Alfred nodded, he was still quite taken aback, he hadn’t realized all this time how much he had truly meant to her, nor how much she had really meant to him deep inside.

“I am, I have to go home, my parents they, they don’t know I’m here when you come back, I mean when you do return from the war, come to visit. I will have told them about us by then,” she said before hastily vacating the garden leaving him alone to ponder his thoughts.

The incident replayed in the young man’s head for several days and weeks after its transpiration. Even as he was being transferred and abruptly trained in order to fight in the very costly war of attrition. His daydreaming about what would happen when he returned was something that was everything to him as he readied himself physically and psychologically to enter the fray.

He never did return home. Annabel had received news of his death the evening before the day on which the Great War ended. She hadn’t told anyone, and now that the war was over everyone was openly rejoicing. Telling them now could possibly serve to hamper their relief and exaltation over the fact that the ghastly business of war was finally over. But she had to endure it, hearing those joyous festivities just down the road from the cottage that used to be occupied by her late husband and son proved to be tremendously nauseating.

Nevertheless, there was one thing that Susannah had said that did make Annabel realize that she did have a social obligation to venture from the confines of her cottage. Not an obligation to join the festivities. But an obligation to visit young Clementine and tell her about what had happened to Alfred.

Annabel found herself going through her late son’s possessions. In his bedroom the only possessions that were kept orderly and impeccably bound and archived in his bedside desk drawer where the numerous letters he had received from Clementine over the course of the prior two years. It was clear from the way they were so well kept that they had immense sentimental value to the young man. She took them with her as she ventured from the house, it was only right that Clementine has them now.

She left the cottage and walked across the village and with her head down doing her utmost to avoid catching anyone’s gaze. The atmosphere was one of immense joy. One of unity, one of anticipation. This day, the villagers believed, was the beginning of a life that was gradually going to get much better, even better than those pre-war lives in which most of them had yearned for the return of throughout the four very long and arduous years brought on by that horrific war.

Annabel arrived at Charlton’s homestead. Only Clementine’s mother Isabella was present. Like many British women, her husband was yet to return from the continent.

Clementine looked particularly happy to see Annabel and made a point of greeting her with a hug.

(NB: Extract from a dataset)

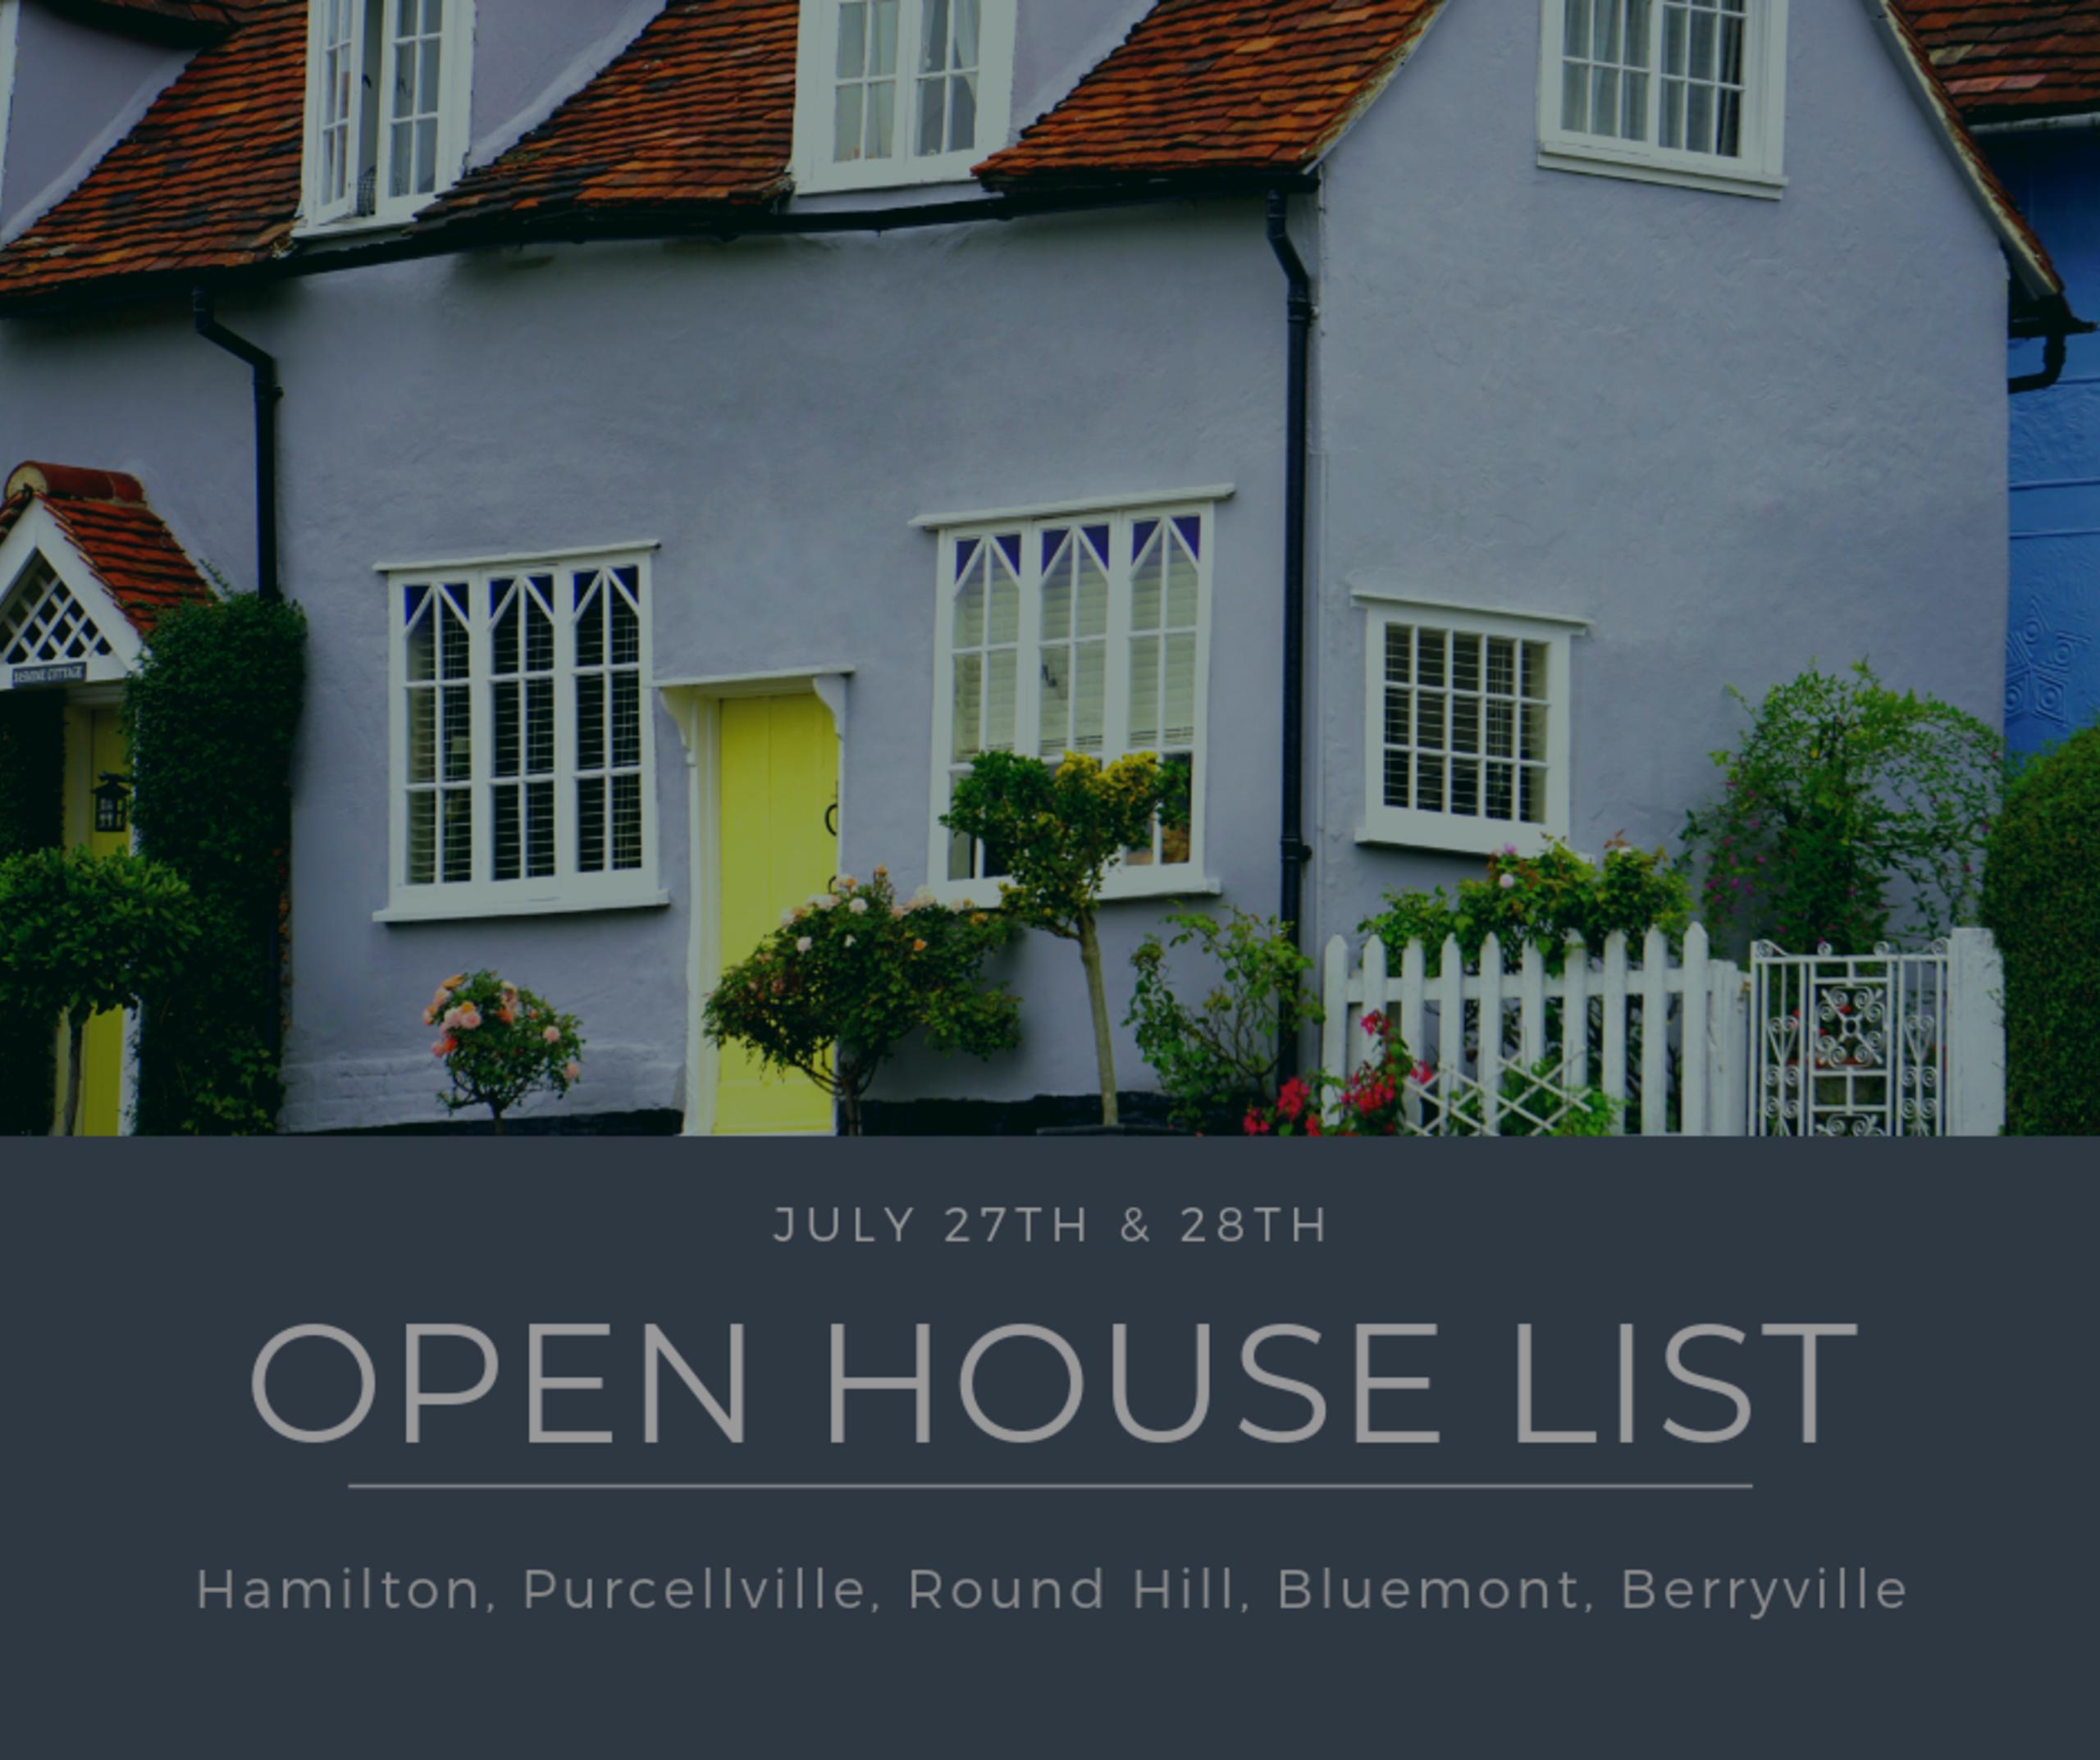 Open House List 7/27/19 – 7/28/19

She seemed quite jolly, “Have you heard any news about Alfred, when will he be here with us?” she inquired.

All Annabel could do was sigh before saying, “Clementine darling, I have something to tell you . . .”

1 Comment
  1. Craig Murray says

    The great cry in fiction is “Show me, don’t tell me”.
    This is at its heart a very ambitious and huge story ranging from The Boer War right through until the end of World War One.
    To encompass such a huge span the author has three choices to make.

    The first is to do what you have done. Encapsulate almost all of the history, the story in a series of declarations, of tellings not showings.

    The second choice is to write out the whole story, in about eighty thousand words or so where each incident that creates the whole is shown as a story.

    The third choice, the best in a situation like this, is to take a single scene, the critical part you want shown, and show that. If you strip away everything not in the immediate, what are you left with?
    The right now scene.

    So decide author, what it is that needs to be said right now and write that.